Around Town

City women react to swearing-in of Vice President Kamala Harris

Westfield’s elected women feeling hopeful for future as another glass ceiling shatters

WESTFIELD – The world watched this week as history was made when the first woman – also the first Black and Asian American – was sworn-in as the 49th vice president of the United States.

Vice President Kamala Harris was serious throughout much of the ceremony Jan. 20, but broke into a smile at the end of her oath. Around the world, many women watched with their daughters and locally elected women felt some solidarity with the woman who is now second-in-command.

Westfield’s own elected women on the city council and school committee watched as well.

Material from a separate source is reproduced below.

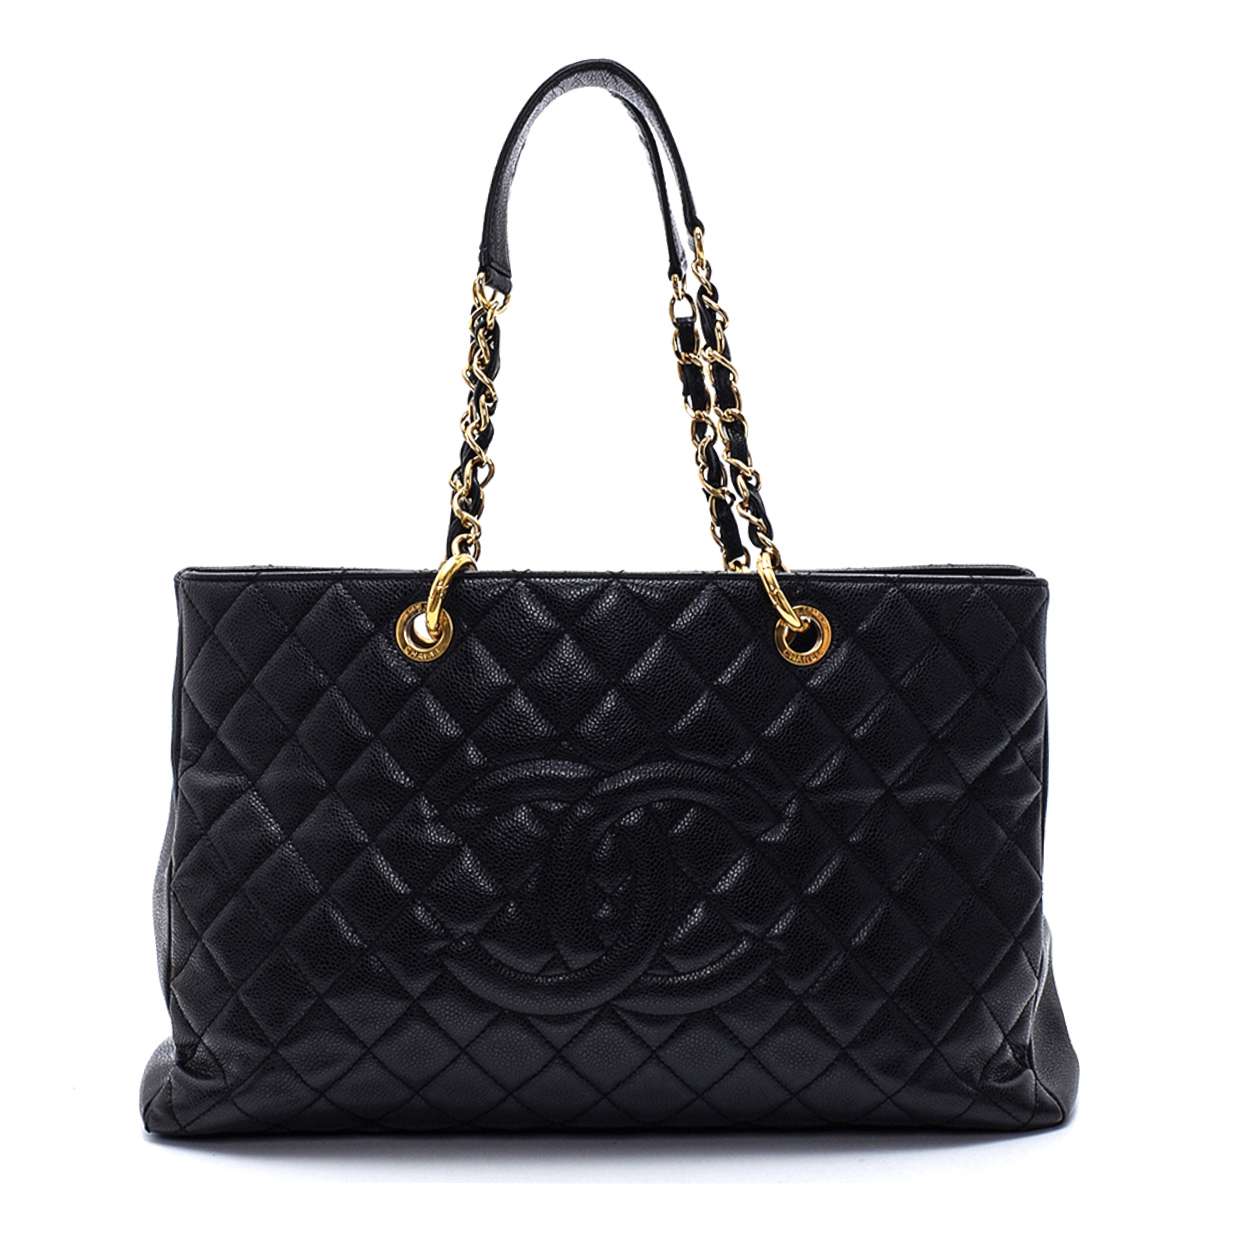 Chanel - Black Quilted Caviar Leather Grande Xlarge  Shopping Tote Bag

Westfield School Committee

“As I watched with the nation as Kamala Harris was sworn in as the highest-ranking woman in American history as vice president of the United States of America, it fills me with hope,” said School Committee member Diane Mayhew. “It says a lot about our country. She has broken a number of racial and gender barriers and with that a new generation of girls and boys will have a powerful role model.”

City Councilor Kristen Mello said it was an emotional moment for her.

“In my lifetime there have been so many female foreign heads of state that sometimes I wonder what has taken us so long. Then again, the reminders of how easily women can be held back come at me in small ways every day,” she said. “Our first vice president was elected over 230 years ago, and women were guaranteed the right to vote only 100 years ago,” said Mello. “Today a woman of color was sworn in as the vice president of the United States and the shards from that glass ceiling being shattered will seed thousands of bright futures across our country.”

School Committee member Cindy Sullivan said it was important for her, and for her daughter.

“Regardless of political affiliation, I believe that it is always important to see women in leadership roles in all levels of government and business,” said Sullivan. “Seeing a women being sworn into the second highest political position in our country is inspiring and brings hope to me that my daughter and my friends’ daughters will feel empowered to strive for any position personally or professionally they want.”

City Councilor Bridget Matthews-Kane wore her pearls for the inauguration of President Joe Biden and Vice President Harris as did millions of women around the world Wednesday, a sign of support for Harris.

“I’m full of joy that another glass ceiling for women has been broken, and I am grateful that as our wonderful country includes more and more people from different backgrounds in its government, we once again move closer and closer to the ‘more perfect union’ referenced in the Preamble to the Constitution,” said Matthews-Kane. “The events of today give me great hope both for my three girls and for our whole beloved country. I hope more women, and indeed people from all underrepresented groups, will be inspired to enter the political arena themselves.”

Westfield Mayor Alice D. Burke was sworn-in as the first woman mayor in New England in 1940. (CITY OF WESTFIELD PHOTO)

Westfield was, in many ways, ahead of its time when it comes to women in politics. In 1940, Westfield elected the first woman mayor not just in the city, but all New England. Alice Driscoll Burke ran the city as its mayor for three terms, 1940-1943, 1954-1955 and 1958-1959. Burke was previously a teacher and member of the Westfield School Committee. Throughout her political career, she ran several campaigns, losing some and winning some. After serving as mayor, Burke was a city councilor from 1968-1973. She died in 1974 at age 81.

Burke’s election was covered in the New York Times, Boston Globe and other national papers, putting Westfield at the forefront of the women’s movement at that time.

The city has continued to elect women in prominent positions, including former state Sen. Cele Hahn and councilors Angela Holmes and Patti Andras, among many others.